**Activity**
Give back exactly the lines from the one that holds "BOHUMIL ELIÁŠ ML." through the final line of the data; omit the pictures and add nothing.

**Recorded data**

****************

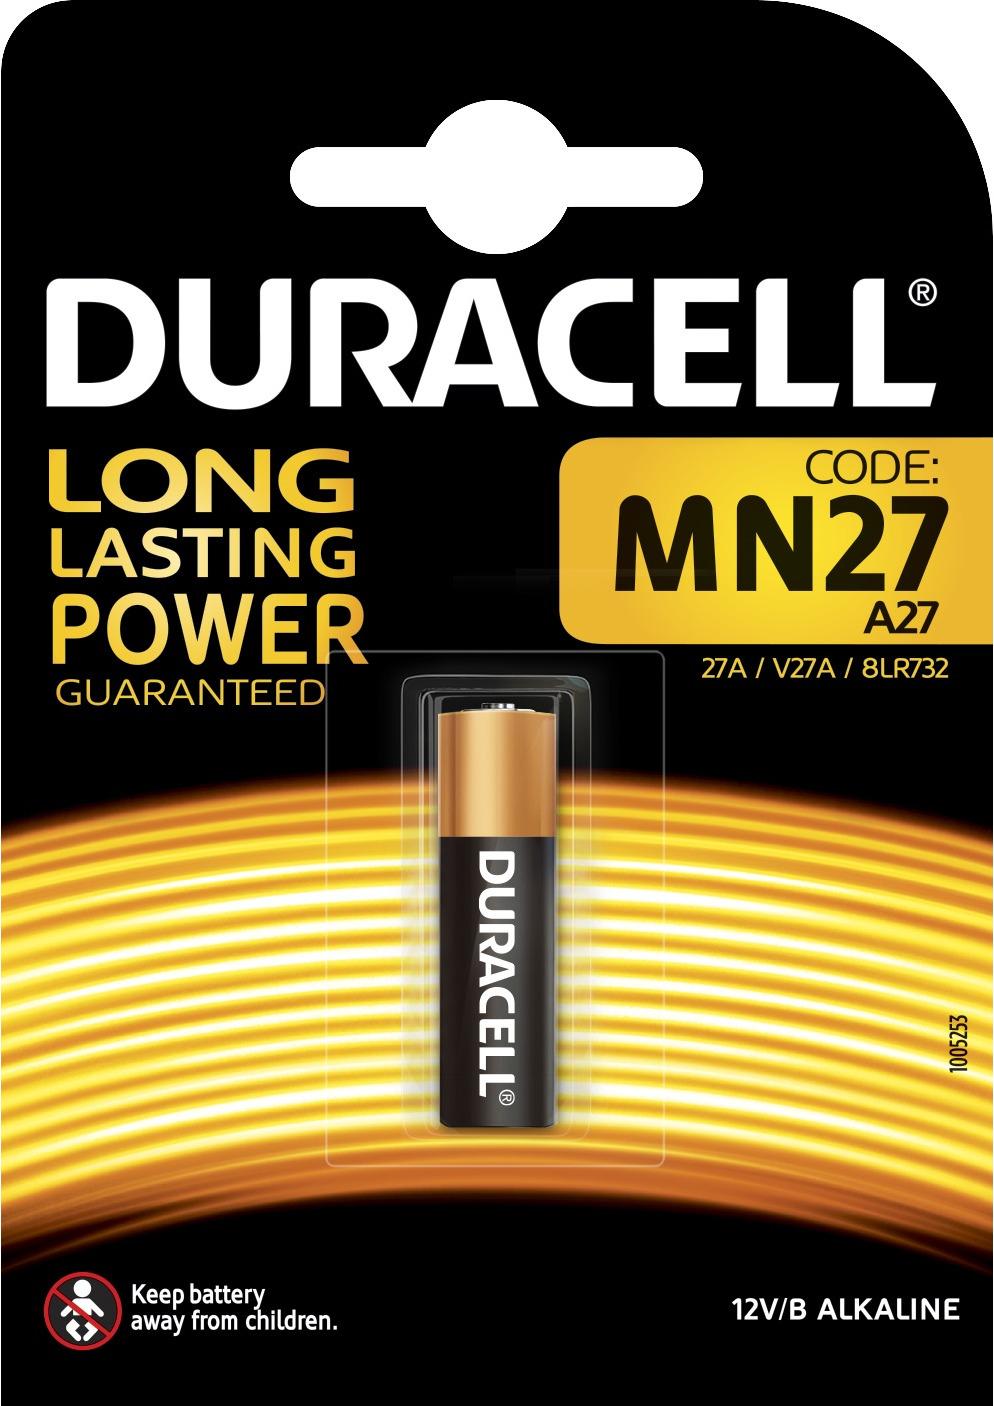 Батарейка алкалиновая Duracell, типоразмер MN27, 12 В батарейка duracell для сигнализаций 12в mn27 1шт
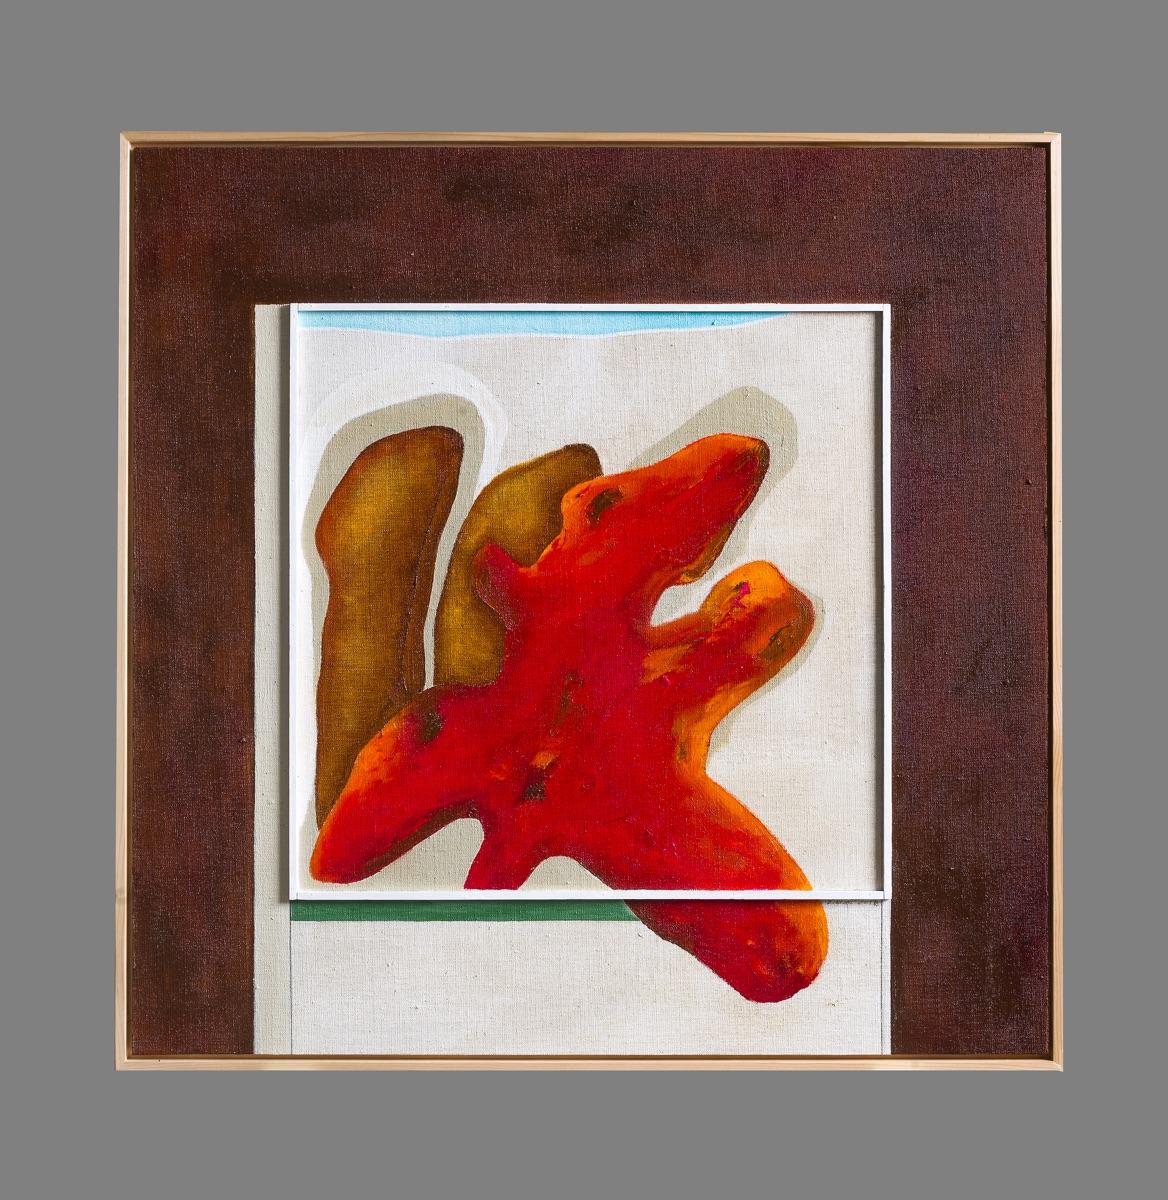 BOHUMIL ELIÁŠ ML. Domov červené, 80x80cm, 2018, olej na plátně
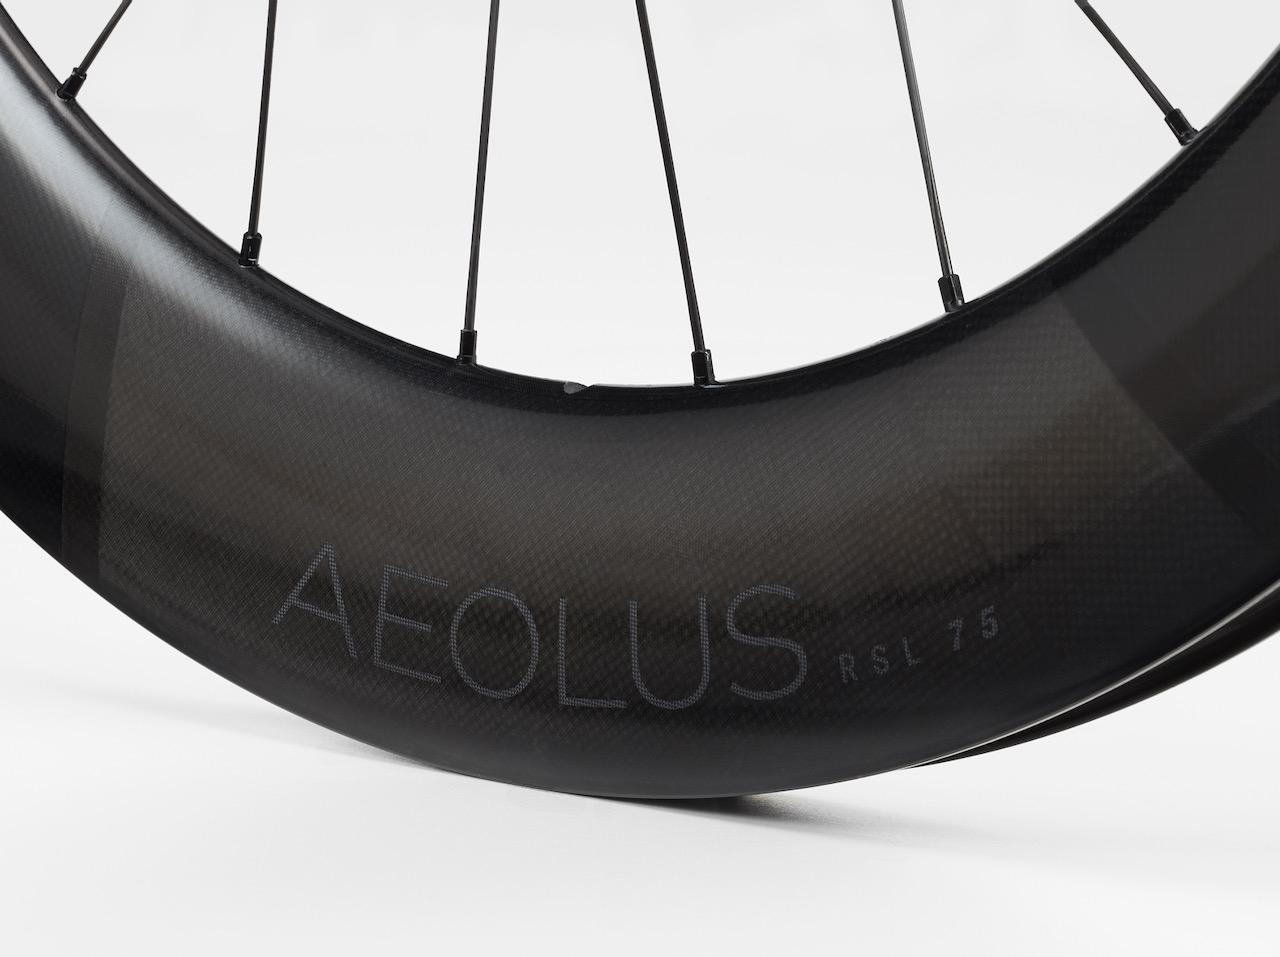 Bontrager Aeolus pro road wheels rsl 75 rim

****************

**Exercise solution**
 BOHUMIL ELIÁŠ ML. Domov červené, 80x80cm, 2018, olej na plátně
 Bontrager Aeolus pro road wheels rsl 75 rim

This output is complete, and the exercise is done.